Thomas Stafford (c.1916 – 28 January 1995) was an Irish Fianna Fáil politician. He was a member of Dublin Corporation from 1955 to 1979, and served as Lord Mayor of Dublin from 1967 to 1968.

He was born in Gorey, County Wexford, and moved to Dublin at the age of 15. He later founded T. Stafford & Sons funeral directors in North Strand.

He was an unsuccessful independent candidate for the Dublin North-East constituency at the 1957 general election, and for the Dublin North-Central constituency at the 1961 general election. In 1969 he joined Fianna Fáil, and was an unsuccessful Fianna Fáil candidate for Dublin North-Central at the 1969 general election.
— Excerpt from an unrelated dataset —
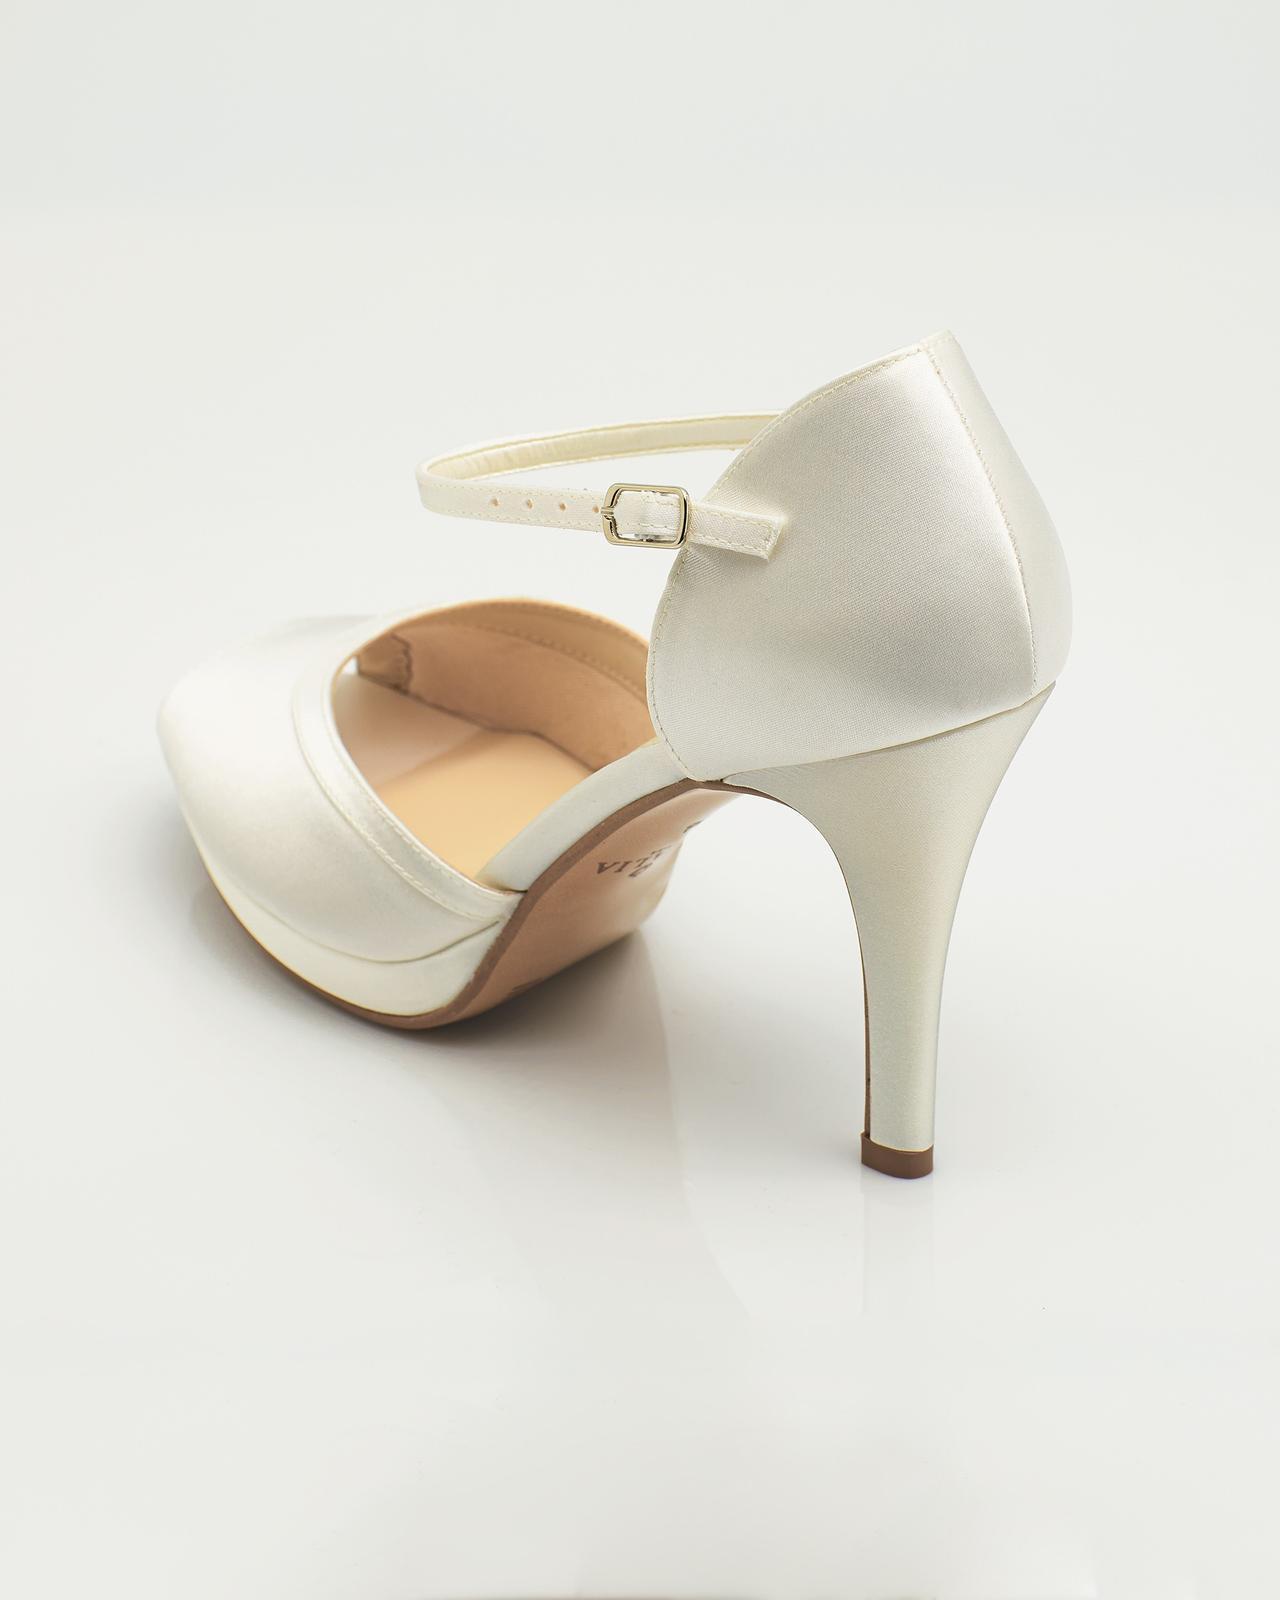 Svadobné topánky Ines - Obrázok č. 2

In September 1988, the Lord Mayor, Ben Briscoe, presented awards to his surviving predecessors to mark the city's millennium, including Stafford.

He was married and had eight children. Two of his five sons, Tom and John Stafford, also served on Dublin City Council, with John holding the office of Lord Mayor from 1997 to 1998. John was a Fianna Fáil TD.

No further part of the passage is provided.